Diskussion über kommunale Anleihen: Bürgermeister im Altkreis Kassel bislang zurückhaltend

Bürger anpumpen letztes Mittel

Michael

Kreis Kassel. Ein Modell macht Schule: Klamme Kommunen setzen auf Bürgerkredite, um sich mit frischem Geld zu versorgen.

Die Bürgerkredite sollen beiden Seiten nützen: Die Kommunen kommen günstig an frisches Geld, und die Anleger bekommen höhere Zinsen als bei der Bank.

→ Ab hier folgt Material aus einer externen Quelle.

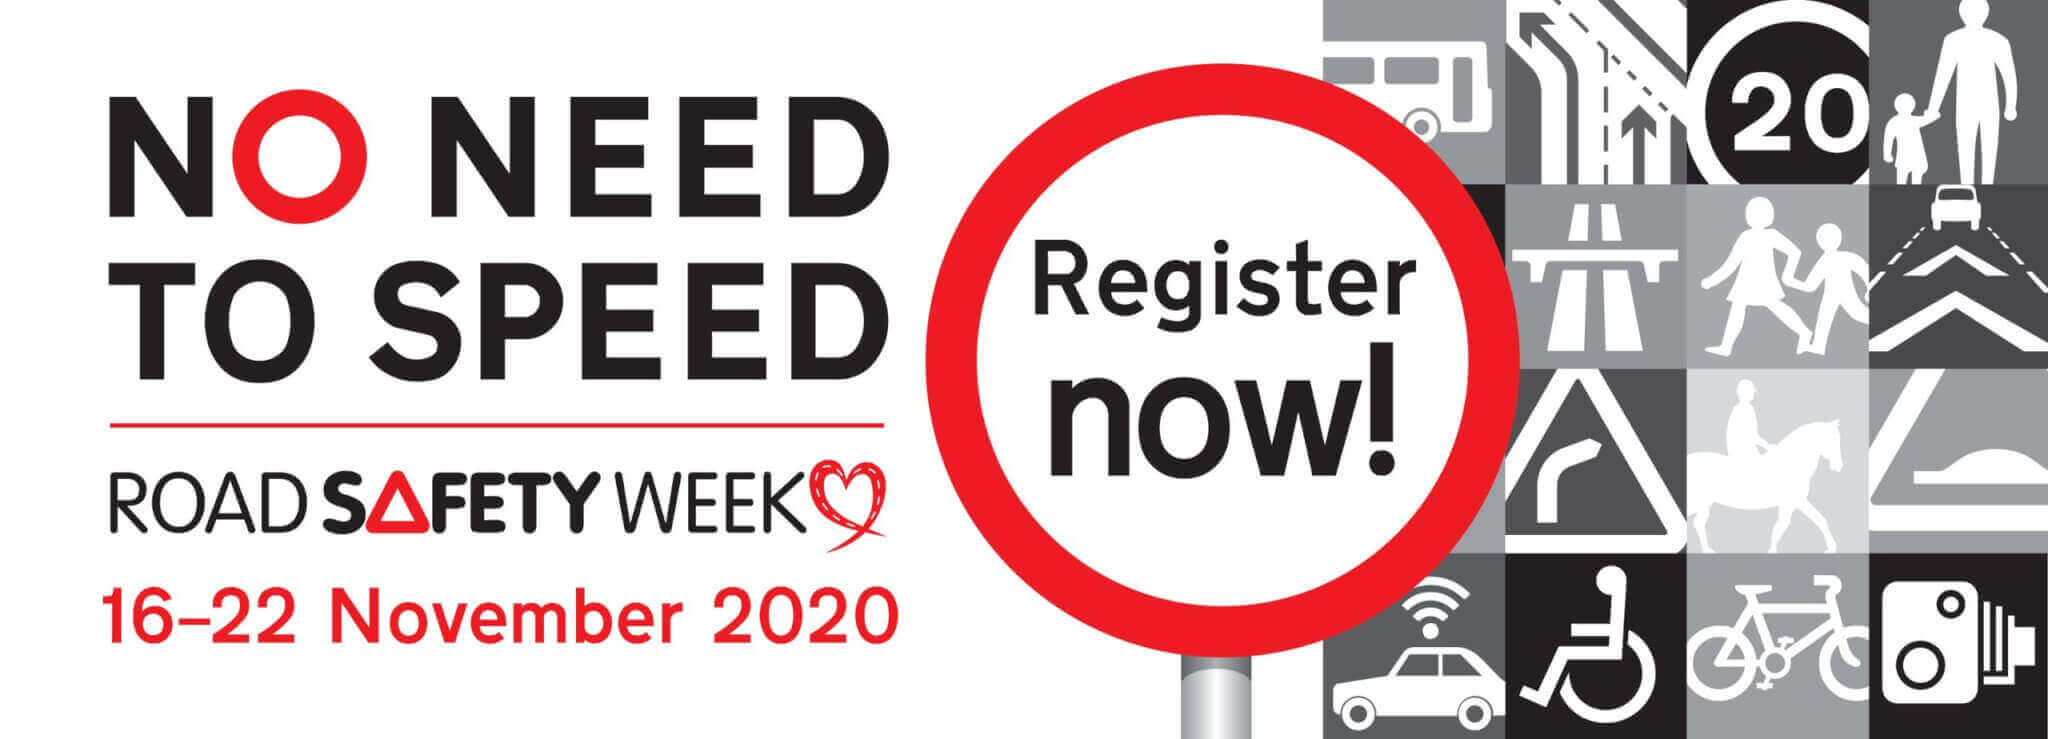 Road Safety Week November 2020 Register Now
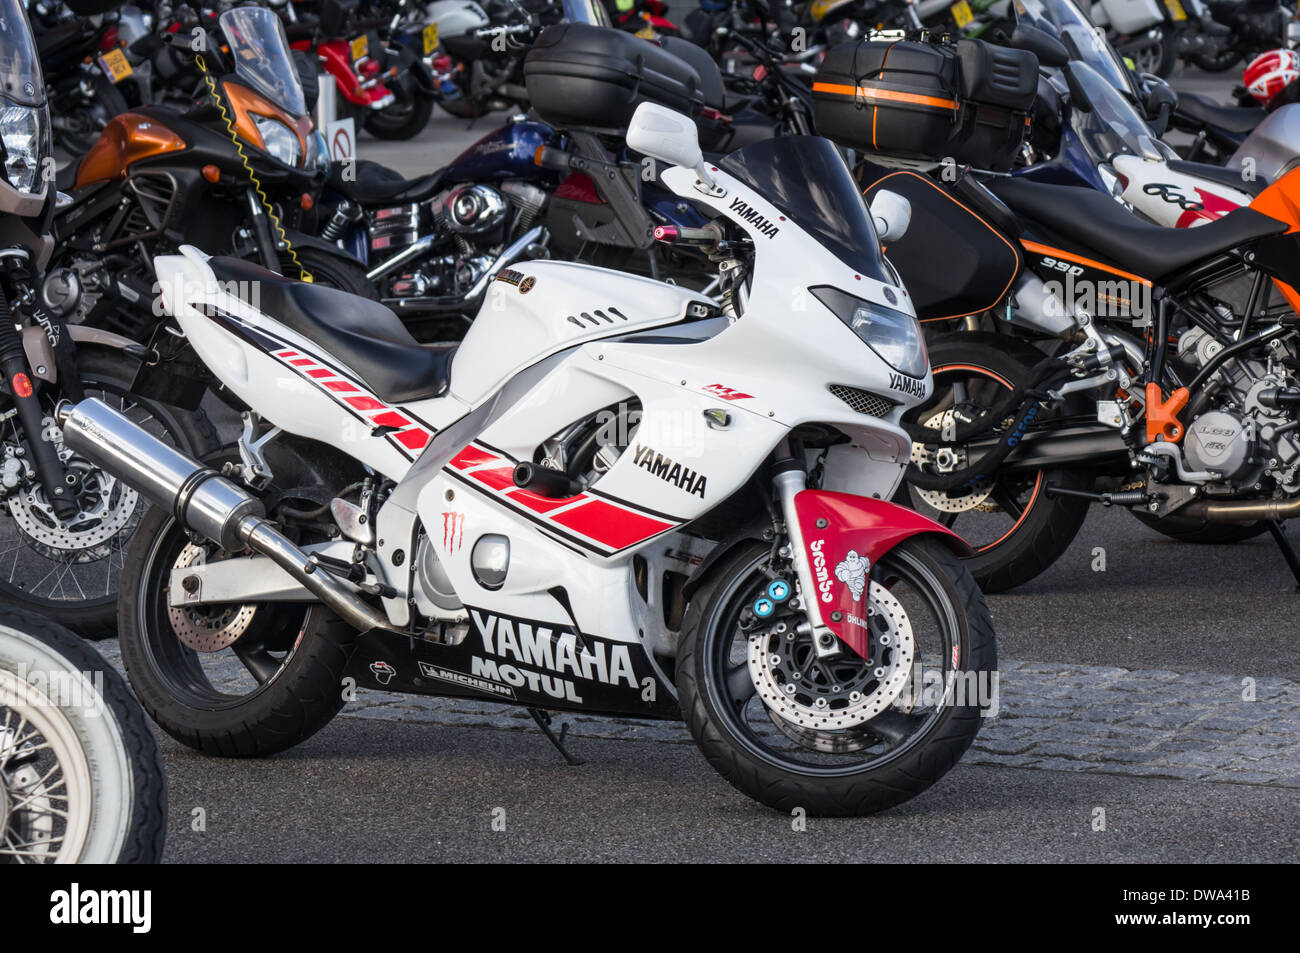 Yamaha Motorrad geparkt mit anderen Sportarten und klassische Motorräder, London England Vereinigtes Königreich Großbritannien Stockfoto

Doch nach dem Kreditwesengesetz handelt es sich um ein Bankgeschäft, für das Kommunen keine Erlaubnis haben. Um dies zu umgehen, bieten einige Kommunen in Deutschland trotzdem bereits Anleihen an – mittels zwischengeschalteter Banken.

Was halten die Kommunen im Altkreis Kassel von dem Finanzierungsmodell? Grundsätzlich denkbar sind Bürgerkredite für den Söhrewalder Bürgermeister Michael Steisel (SPD). „Man muss sich das überlegen, die Bürger können sich schließlich an vielen Ecken beteiligen“, sagt Steisel. „Bisher gibt es aber keine Pläne. Man muss erst mal darüber nachdenken, Schnellschüsse machen wir da nicht.“

Ähnlich sieht das sein Amtskollege Michael Aufenanger (CDU) aus Ahnatal. „Das ist auf jeden Fall denkbar. Man muss es sich aber genau anschauen, denn es gibt ja auch rechtliche Probleme“, erklärt der Verwaltungschef. Der Ahnataler Haushalt habe ein Defizit, deshalb müsse man auch Bürgerkredite in Betracht ziehen, wenn man einen günstigeren Zinssatz erhalten könne als auf dem normalen Kreditmarkt.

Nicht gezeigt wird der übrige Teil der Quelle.